The Rangiya - Rangapara North Passenger is a passenger train belonging to Northeast Frontier Railway that runs between Rangiya Junction and Rangapara North Junction. It is currently being operated with 55893/55894 train numbers on a daily basis.

== Service ==
The 55893/Rangiya - Rangapara North Passenger runs with an average speed of 41 km/h and completes 123 km in 3h. The 55894/Rangapara North - Rangiya Passenger runs with an average speed of 45 km/h and completes 126 km in 2h 45m.

== Route and halts ==
The important halts of the train are:

== Coach composite ==
The train has standard ICF rakes with max speed of 110 kmph.
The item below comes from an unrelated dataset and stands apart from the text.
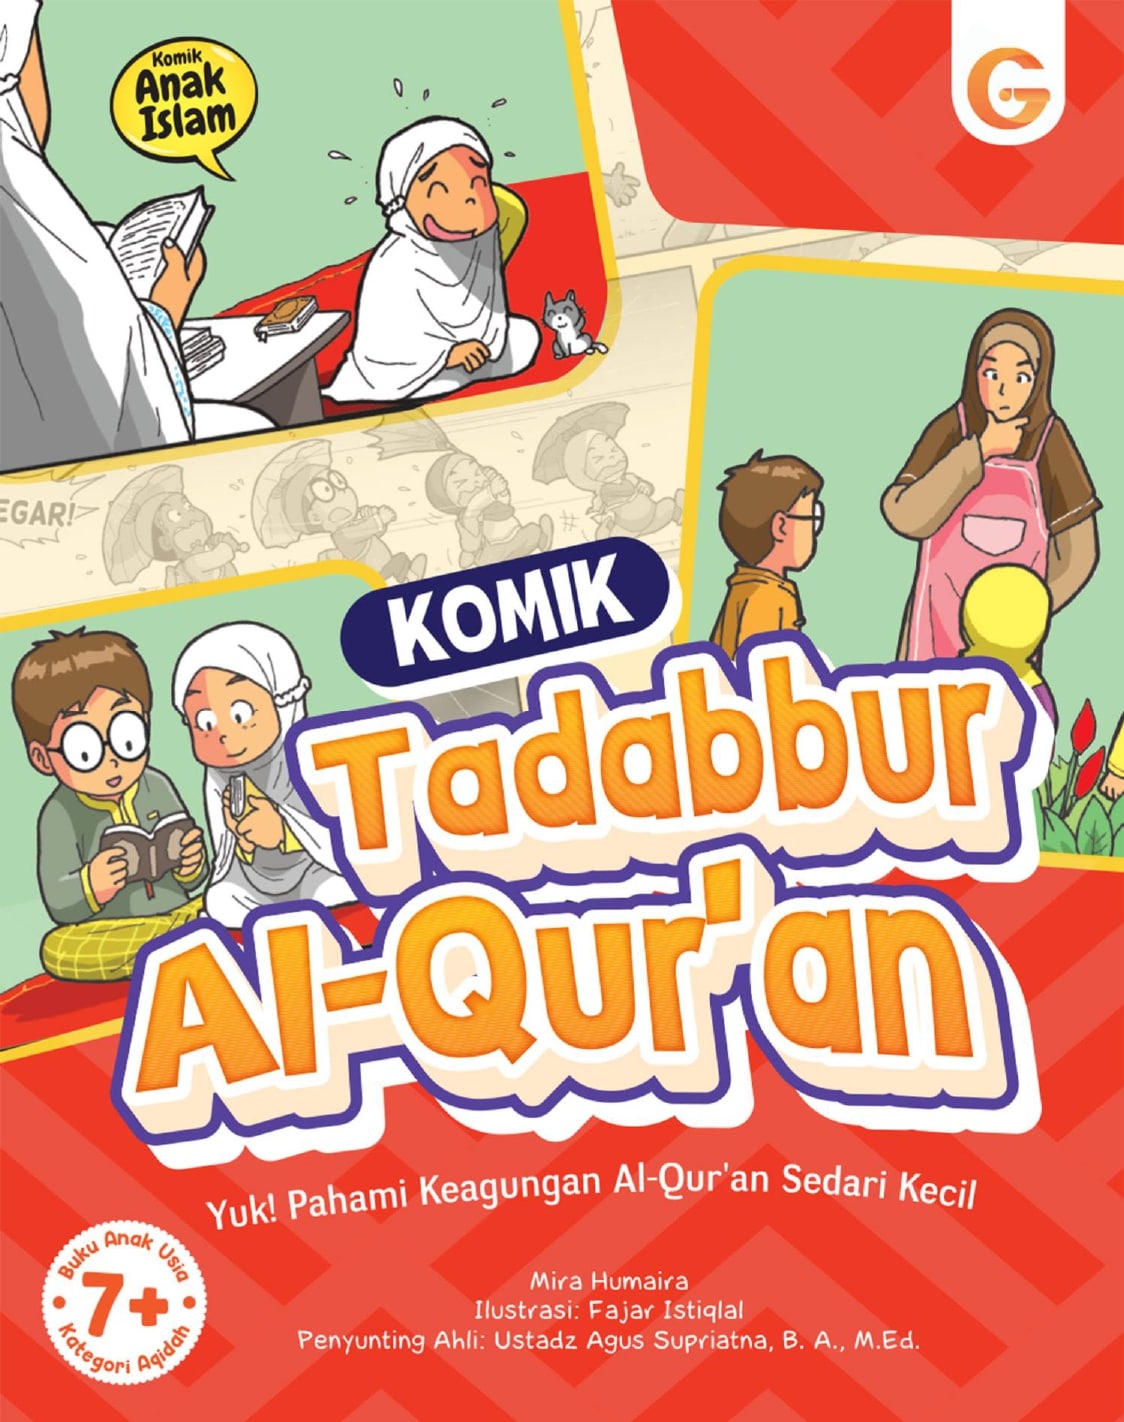 Komik Tadabbur Al-Qur'an :  yuk! pahami keagungan Al-Qur'an sedari kecil

The train consists of 10 coaches:

- 8 General Unreserved
- 2 Seating cum Luggage Rake

== Traction==
Both trains are hauled by a Siliguri Loco Shed based WDP-4D diesel locomotive from Rangiya to Rangapara and vice versa.

== Rake sharing ==
The train shares its rake with 55895/55896 Rangiya - Murkongselek Passenger.